In the following experiments, we apply MGDM to real medical images. Though the main challenge for medical image segmentation is the blurry and noisy source image and the low contrast between objects, MGDM renders satisfactory results as it can combine all existing forces in the level set literature. In the application to carpal bones in Fig. 6, we obtain a satisfying segmentation result with the combination of the GVF [5] external force, the region force of [23] and the curvature smoothing force of [21]. At the same time, the topology constraint prevents the carpal bones from merging [Fig. 6(c)].

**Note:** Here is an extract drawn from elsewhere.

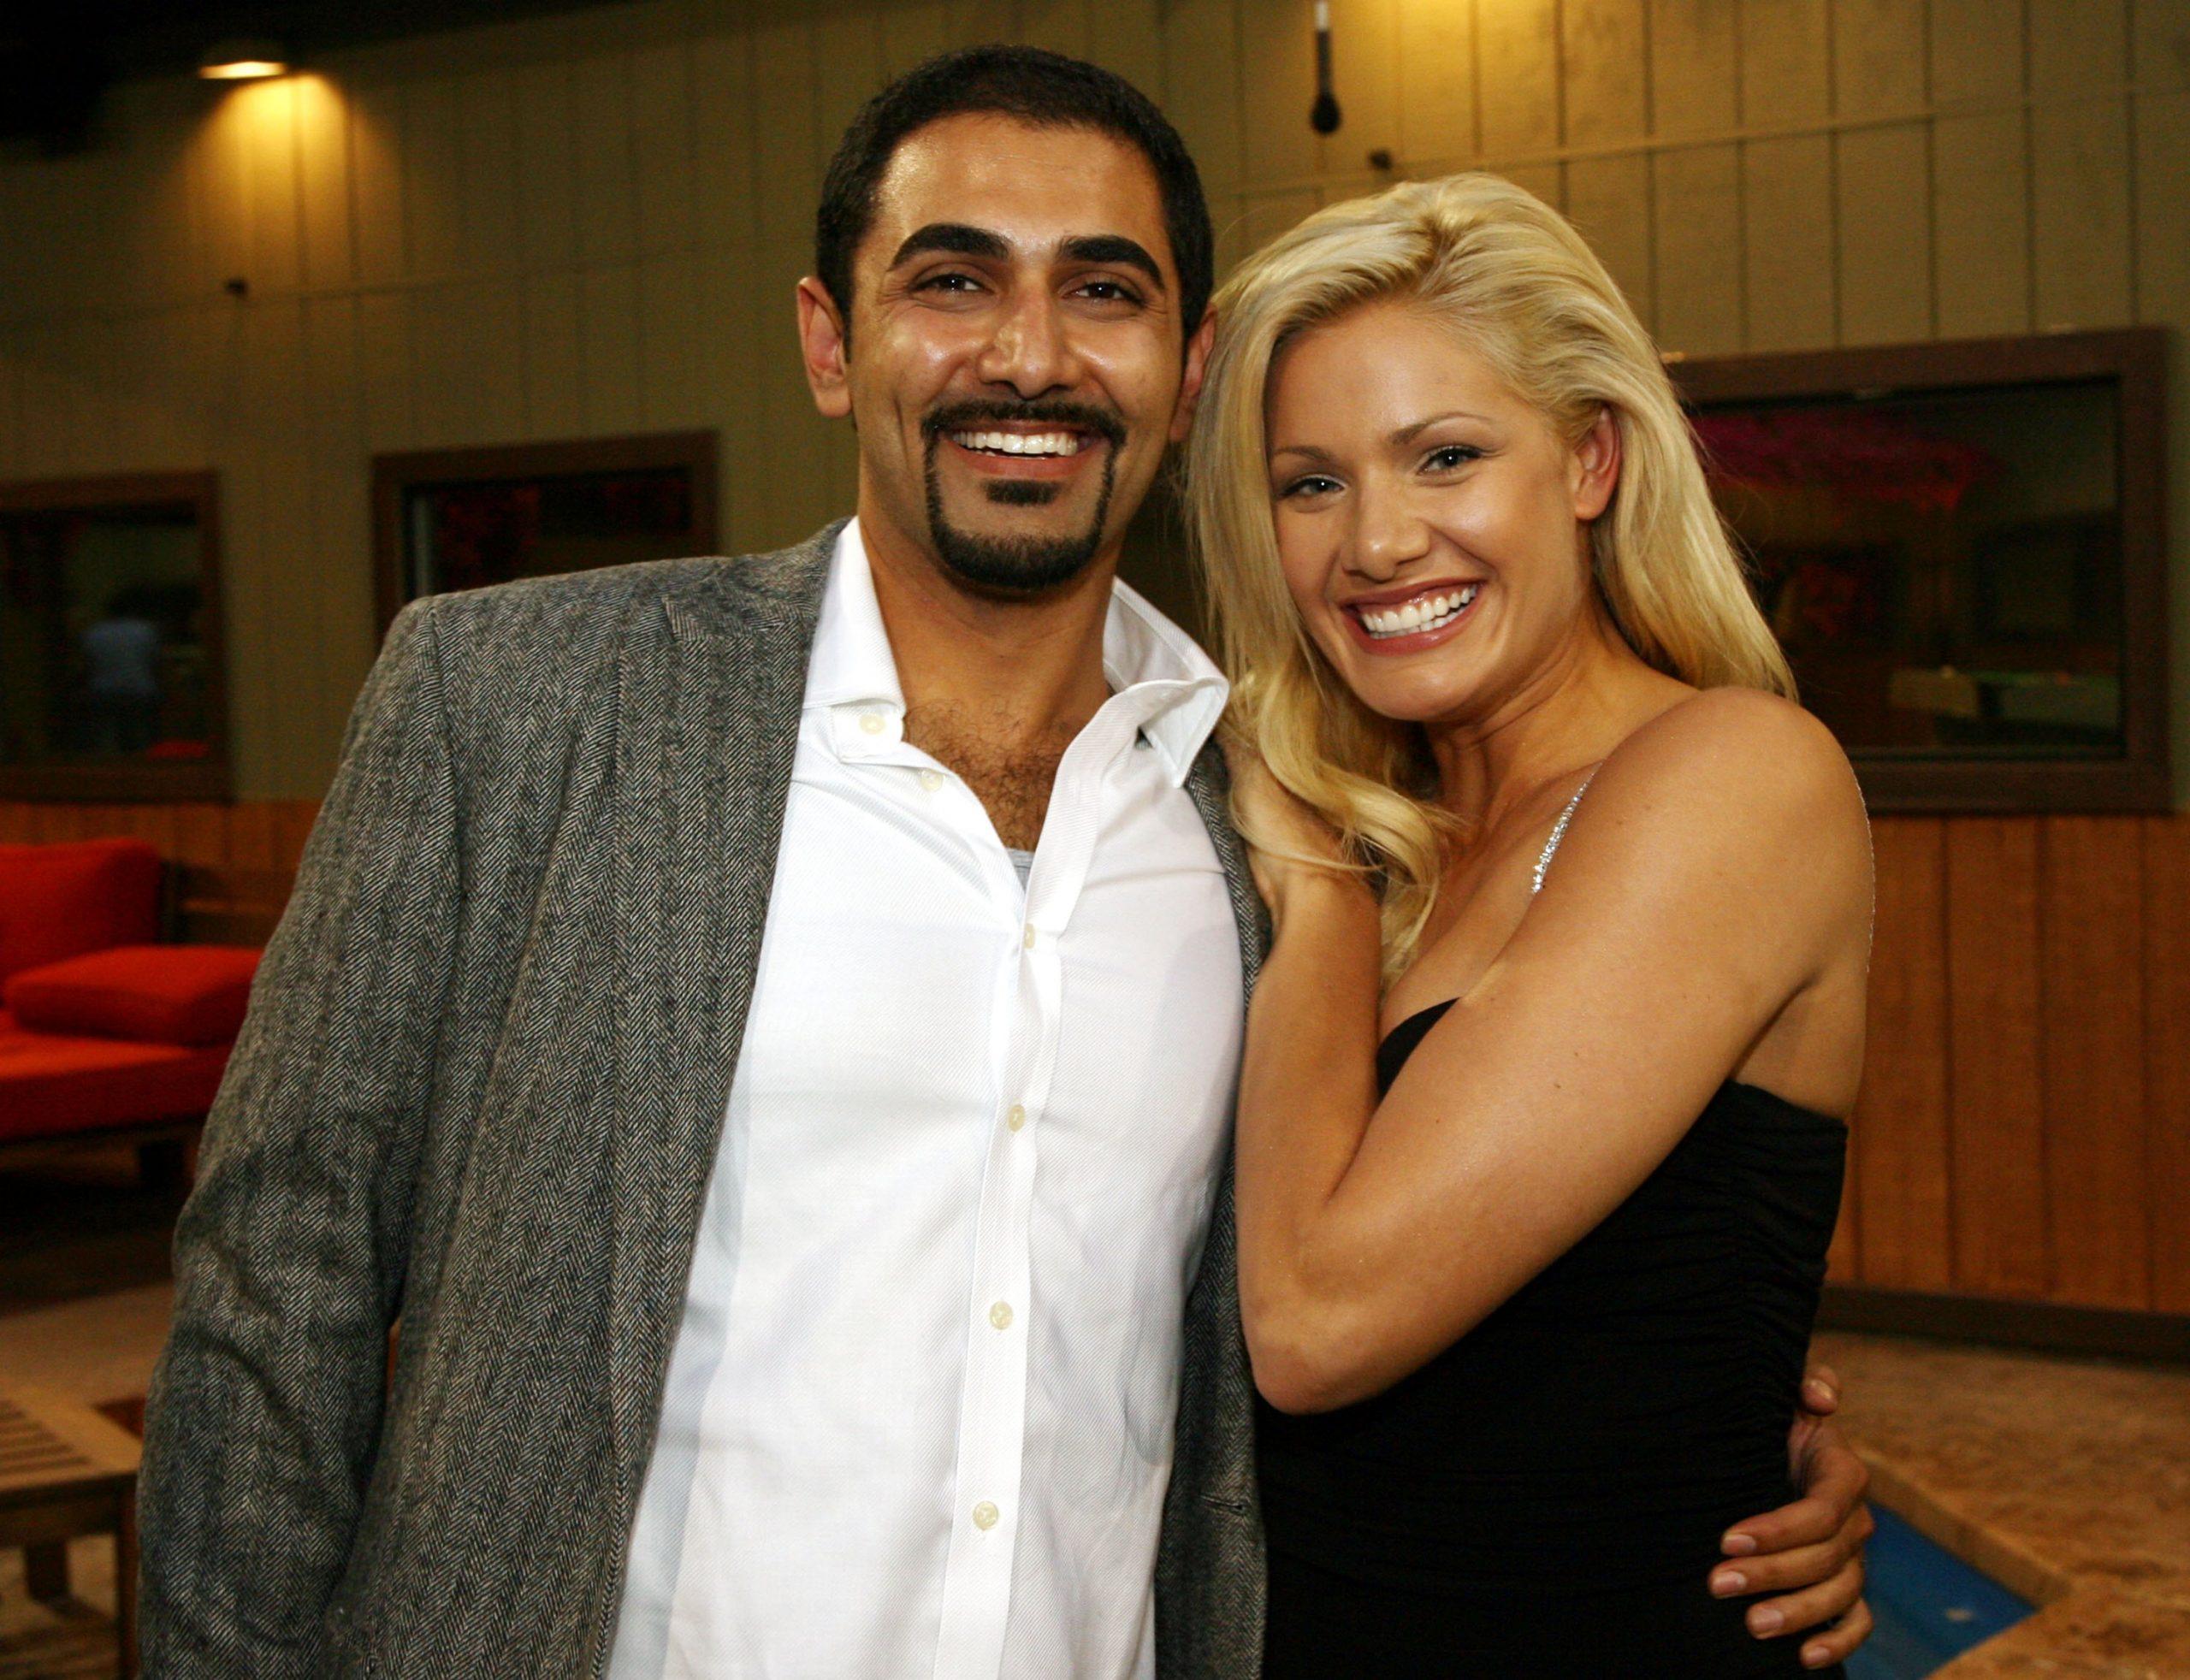 Kaysar Ridha (L) and Janelle Pierzina pose at Big Brother 7: All-Stars

In the segmentation example of Fig. 7, a combination of a balloon force [12] with the membership function from [16] and a curvature smoothing force [21] is used. The joint relationship between ventricles, thalamus and putamen is well maintained, and the triple points among them was dealt with well. Notice that the left and right part of the thalamus does not touch, as enlarged between their boundaries with the background in Fig. 7(c).
6. Conclusion
A novel framework to simultaneously segment multiple objects and objects with multiple compartments using level set methods was presented. MGDM guarantees no object overlap and vacuum between objects and can incorporate any existing force in the level set literature while preserving the topology of all objects and groups of objects. As well, different weights can be readily applied to the forces on different objects and on different boundaries of any object thanks to the notion of the joint part. Experiments on simulated and real images validated the framework. Future work will focus on extension to three dimensions and further application to medical images.
Acknowledgments
I gratefully acknowledge the support of Ying Bai for valuable suggestions, as well as Luminita Vese and Chunming Li for their multi-phase code.
This work is supported by NIH/NINDS grant R01 NS56307.